You will definitely not need to know and understand all of these packages, but I am sure that you will love using the functionality that these packages provide.

The core tidyverse includes the packages that you’re likely to use in everyday data analyses. As of tidyverse 1.3.0, the following packages are included in the core tidyverse:

ggplot2 logo

ggplot2 (visualization)

ggplot2 is a system to create beautiful graphics, based on what they call the grammar of graphics. You provide the data, tell ggplot2 how to map variables to aesthetics, what kind of geometry to use (lines, points, bars etc.), and it takes care of the details. Go to docs…

ggplot2 logo

dplyr (wrangling)

dplyr provides a grammar of data manipulation, providing a consistent set of verbs that solve the most common data manipulation challenges. Go to docs…

tidyr logo

tidyr (tidying)

tidyr provides a set of functions that help you get to tidy data.

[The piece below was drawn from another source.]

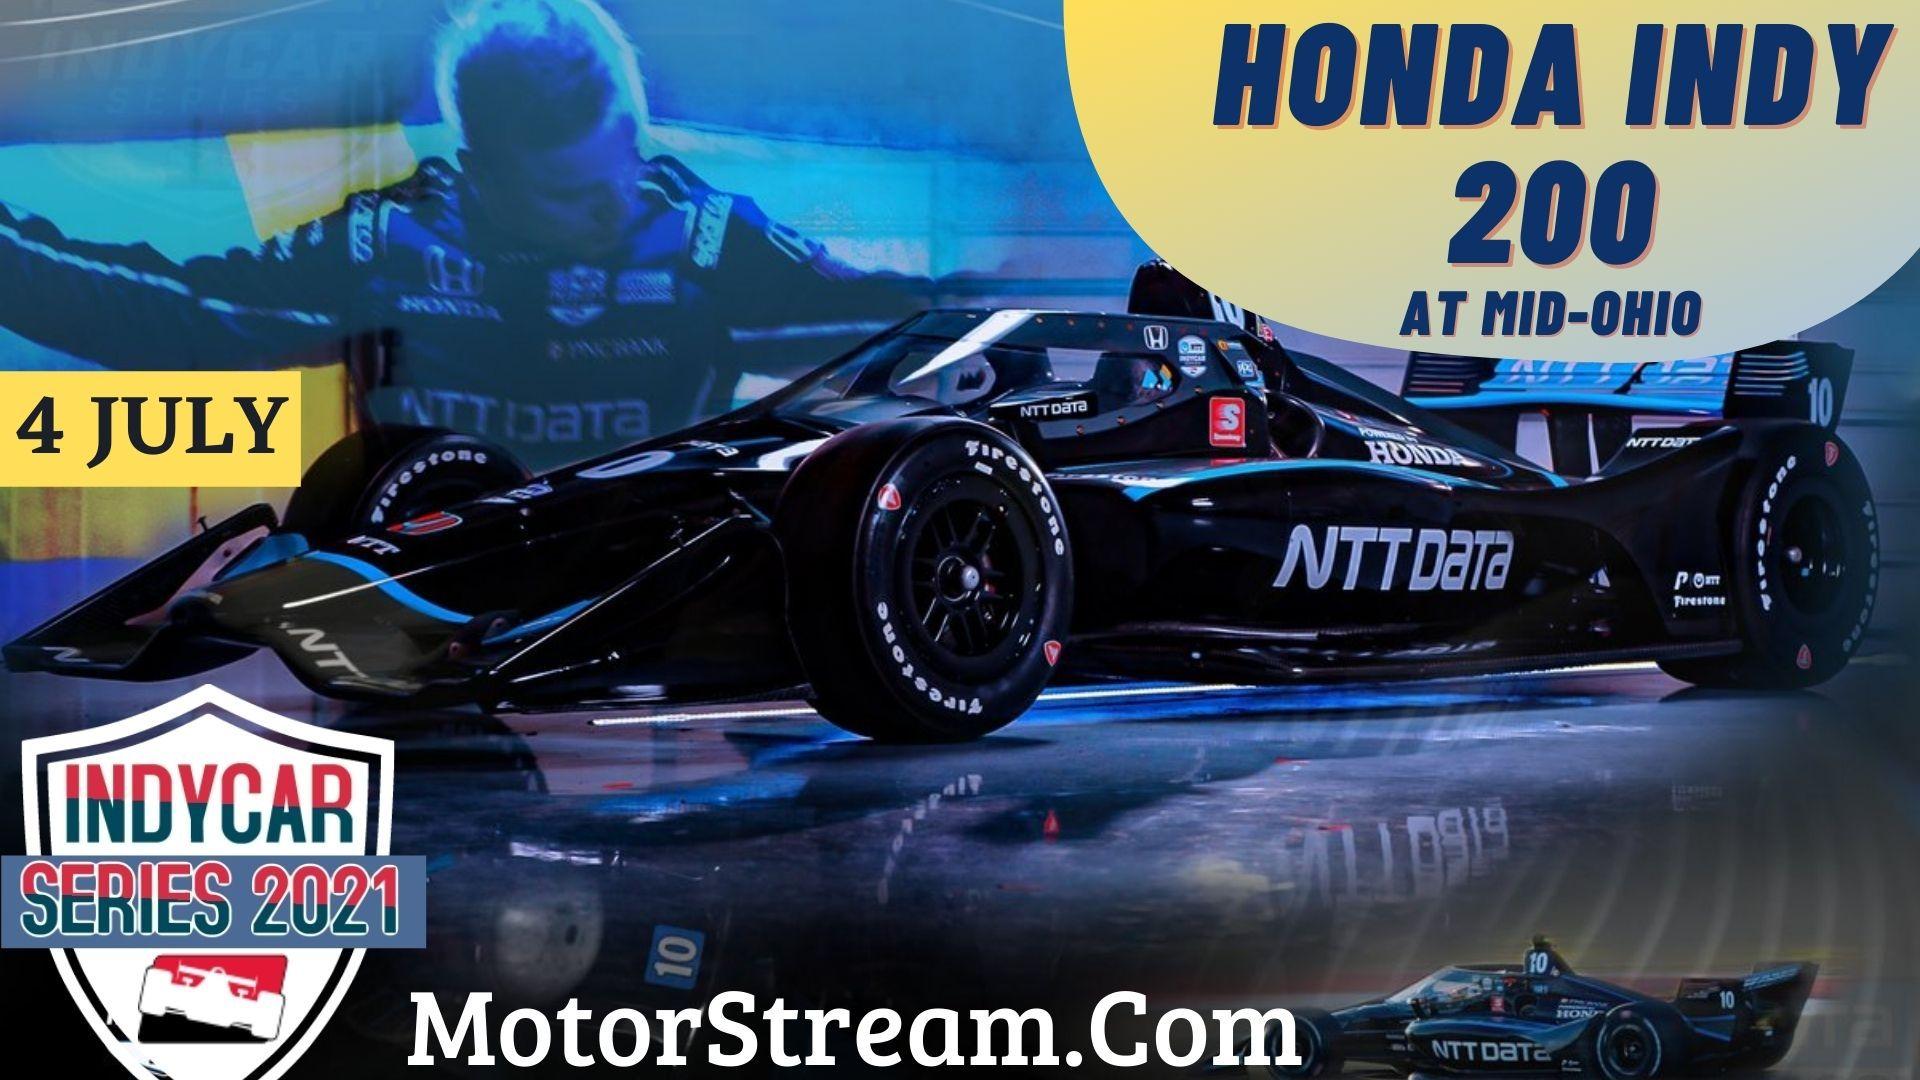 Honda Indy 200 at Mid-Ohio Live Stream 2021

Tidy data is data with a consistent form: in brief, every variable goes in a column, and every column is a variable. Go to docs…

readr logo

readr (read & import)

readr provides a fast and friendly way to read rectangular data (like csv, tsv, and fwf). It is designed to flexibly parse many types of data found in the wild, while still cleanly failing when data unexpectedly changes. Go to docs…

purrr logo

purrr (mapping)

purrr enhances R’s functional programming (FP) toolkit by providing a complete and consistent set of tools for working with functions and vectors. Once you master the basic concepts, purrr allows you to replace many for loops with code that is easier to write and more expressive. Go to docs…

tibble logo

tibble (enhanced data frames)

tibble is a modern re-imagining of the data frame, keeping what time has proven to be effective, and throwing out what it has not. Tibbles are data.frames that are lazy and surly: they do less and complain more forcing you to confront problems earlier, typically leading to cleaner, more expressive code. Go to docs…

stringr logo

stringr (strings)

stringr provides a cohesive set of functions designed to make working with strings as easy as possible. It is built on top of stringi, which uses the ICU C library to provide fast, correct implementations of common string manipulations. Go to docs…

forcats logo

forcats (factors)

forcats provides a suite of useful tools that solve common problems with factors. R uses factors to handle categorical variables, variables that have a fixed and known set of possible values. Go to docs…

Tidyverse essentials

If you get to know the basics of ggplot, dplyr, tidyr and readr you will be well-equiped to approach and tackle most data analysis tasks. Once you become a more advanced user and start to feel that you lack in functionality, the other tidyverse packages will be rather easy to learn swiftly.

Wrap-up

All of these packages add-up in terms of functionality and are designed and meant to be used together! I highly recommend to read/scan through the documentation and make a bookmark in an R/tidyverse folder or something similar. This way, you’ll be one click away from help in case you get stuck while trying to get one or more of these functions to work in your own projects.